Delete. The effect of the fuel control means was put at the end of [0026].

  Moreover, it is preferable that the air discharge valve has a configuration in which an opening / closing valve in which the opening degree changes in two stages of full opening and full closing and an adjustment valve in which the opening degree can change continuously. According to this configuration, when the load is an electric device for power generation or the like, there is a possibility that the load may be instantaneously interrupted, so that the enormous energy used for the operation of the generator is instantaneously generated. In this case, the on-off valve, which has a high operating speed, is fully opened immediately when the load is interrupted. It is possible to reliably suppress the occurrence of a large overspeed accompanying the interruption. Once the overspeed is avoided, the heat energy accumulated in the regenerator can be gradually released at an appropriate speed by continuously controlling the regulating valve instead of the on-off valve.

  The air discharge valve may be provided in a flow path of high-pressure air between the compressor and the regenerator or between the regenerator and the combustor. According to this configuration, by opening the discharge valve and releasing a part of the high-pressure air supplied from the compressor to the regenerator or a part of the high-pressure air supplied from the regenerator to the combustor, The turbine output is reduced, and overspeed can be avoided.

  Moreover, you may provide the said ventilating valve in the flow path of the waste gas between the exit of the said turbine, and a regenerator. According to this configuration, by releasing a part of the exhaust gas supplied from the turbine to the regenerator out of the system, it is possible to reduce the thermal energy due to the exhaust gas recovered by the regenerator. Thereby, the output of a turbine falls and an overspeed can be avoided.

  According to the overspeed avoidance device for a regenerative gas turbine of the present invention, after avoiding an overspeed immediately after a sudden decrease in load, the opening degree of the discharge valve for releasing a part of the working fluid to the outside of the system is set. By performing feedback control based on at least one of the rotational speed and exhaust gas temperature, the thermal energy accumulated in the regenerator is gradually released while maintaining the rotational speed at the rated value or keeping the exhaust gas temperature within the limit range. Thus, it is possible to avoid overspeed effectively and quickly.

  FIG. 1 is a system diagram showing a regenerative two-shaft free gas turbine to which an overspeed avoidance device according to a first embodiment of the present invention is applied. The gas turbine supplies high-pressure air A1 generated by compressing air by the compressor 1 to the combustor 3 via the regenerator 2, and the combustor 3 supplies fuel to the high-pressure air A2 supplied from the regenerator 2. Are mixed and burned, and the gas generator turbine 4 and the power turbine 7 are operated by the energy of the high-temperature and high-pressure combustion gas G generated by the combustion. The gas generator turbine 4 drives the compressor 1 via the gas generator shaft 8 that is the first shaft, and the power turbine 7 for taking out the output receives the load L1 via the power turbine shaft 9 that is the second shaft. To drive. The load L1 here is a mechanical device such as a marine propeller or an electrical device such as a generator. The exhaust gas E discharged from the power turbine 7 is supplied to the regenerator 2, and the regenerator 2 recovers the heat energy of the exhaust gas E by exchanging heat between the exhaust gas E and the high-pressure air A 1 from the compressor 1. The high-pressure air A1 is heated to generate high-temperature high-pressure air A2, which is supplied to the turbines 4 and 7.

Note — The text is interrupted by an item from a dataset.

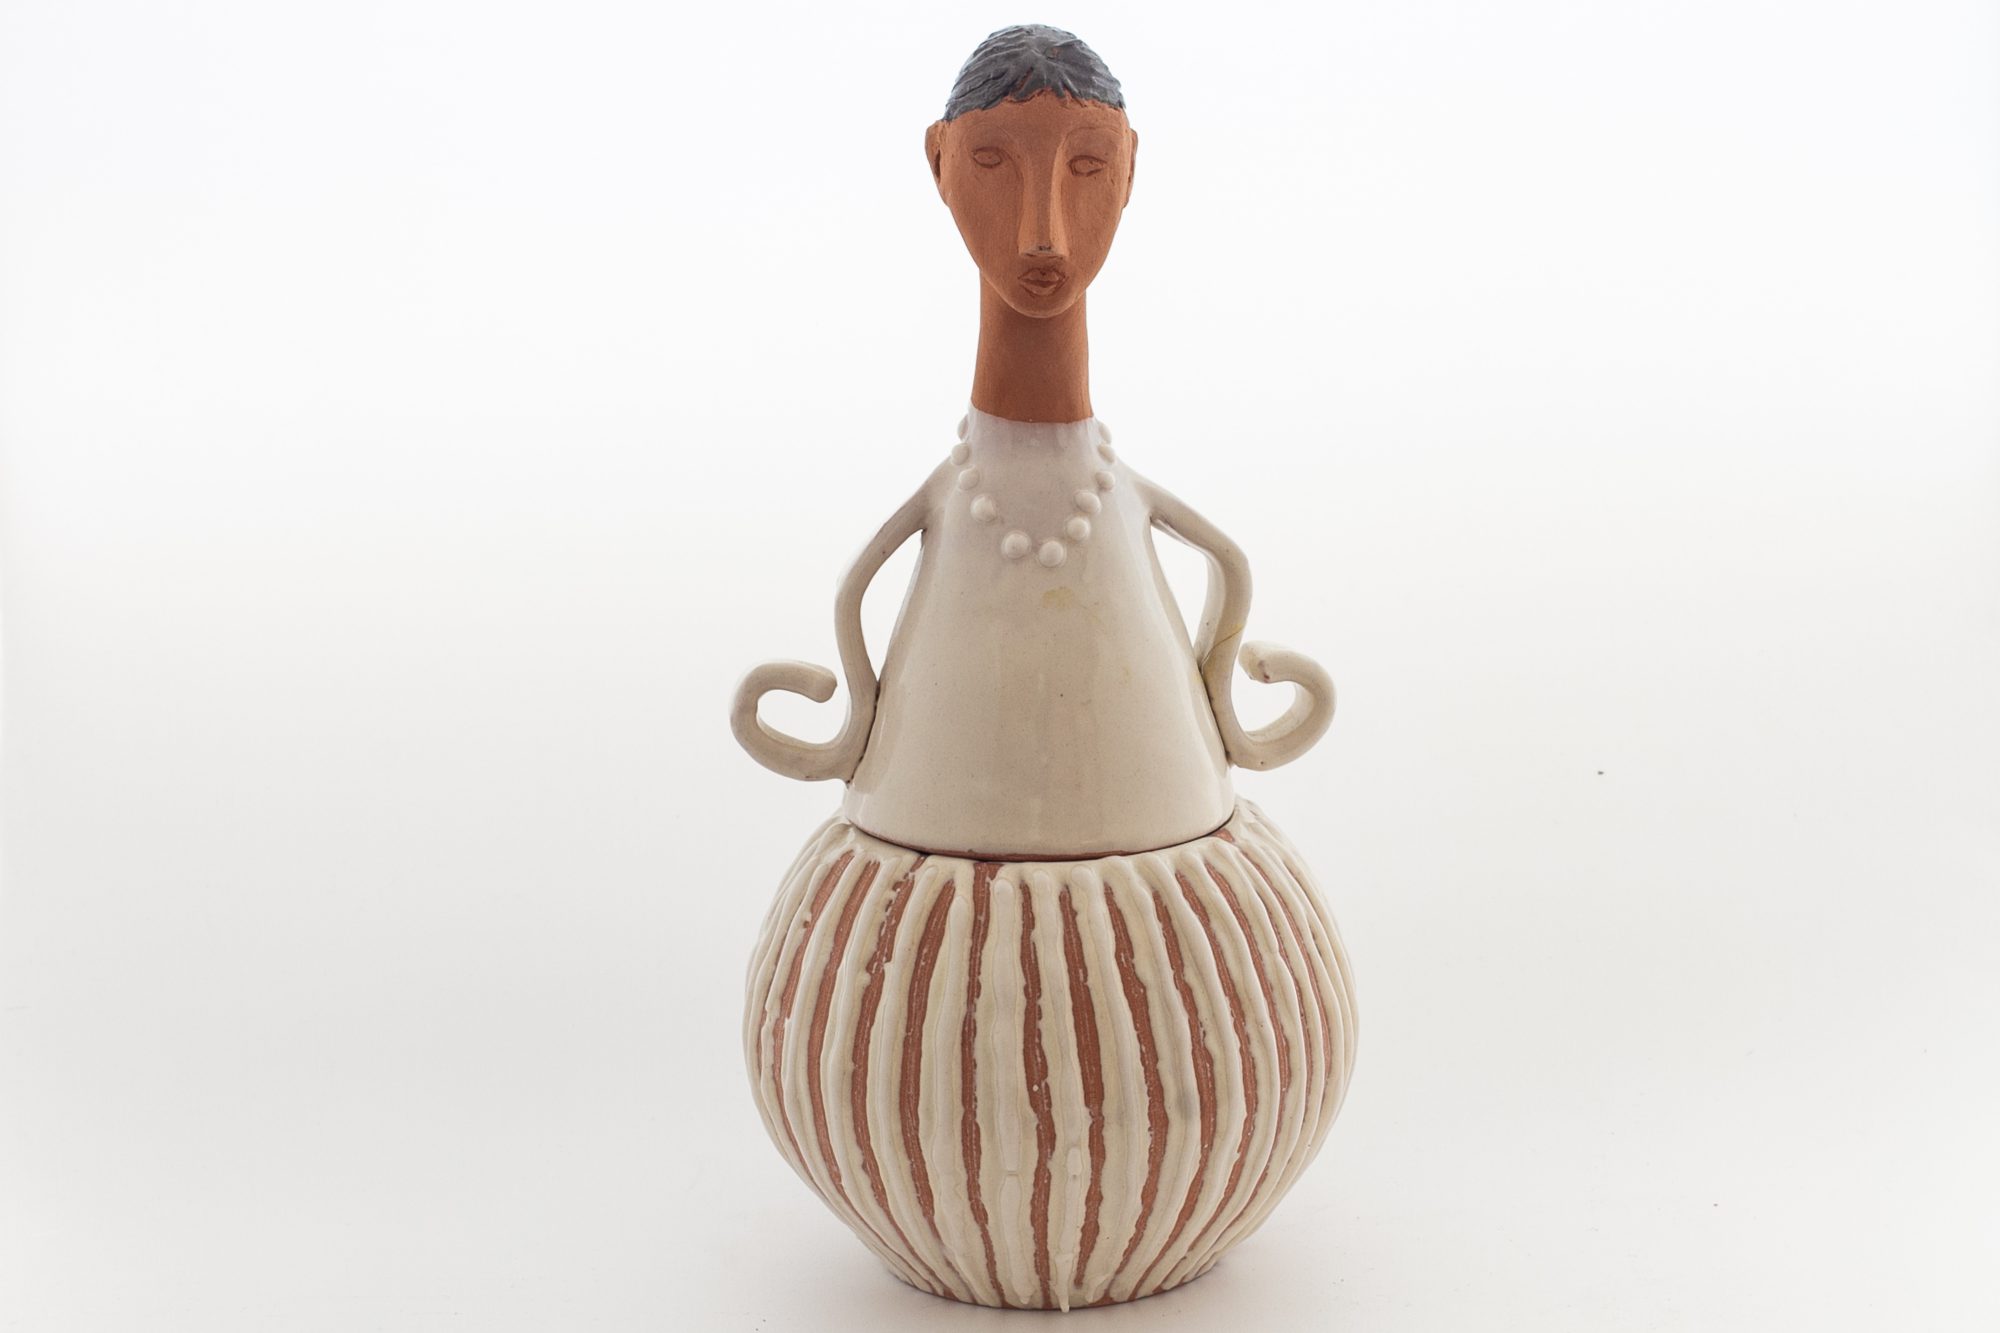 Gioielli e oggetti d’arredo prodotti artigianalmente in ceramica con tecniche raku, ingobbio, maiolica., Home

  The power turbine shaft 9 is provided with a rotation sensor 10 that detects the rotational speed of the power turbine 7. The fuel controller 11 as fuel control means sets the rotational speed of the power turbine 7 to a predetermined value by performing feed hack control on the opening degree of the fuel control valve 12 based on the rotational speed of the power turbine 7 detected by the rotation sensor 10. The fuel supply amount is variably adjusted so that In addition, an air discharge valve 13 for discharging a part of the high-pressure air A1 to the outside of the gas turbine system is connected to the flow path of the high-pressure air A1 between the compressor 1 and the regenerator 2. The air discharge valve 13 has an opening that can be continuously changed.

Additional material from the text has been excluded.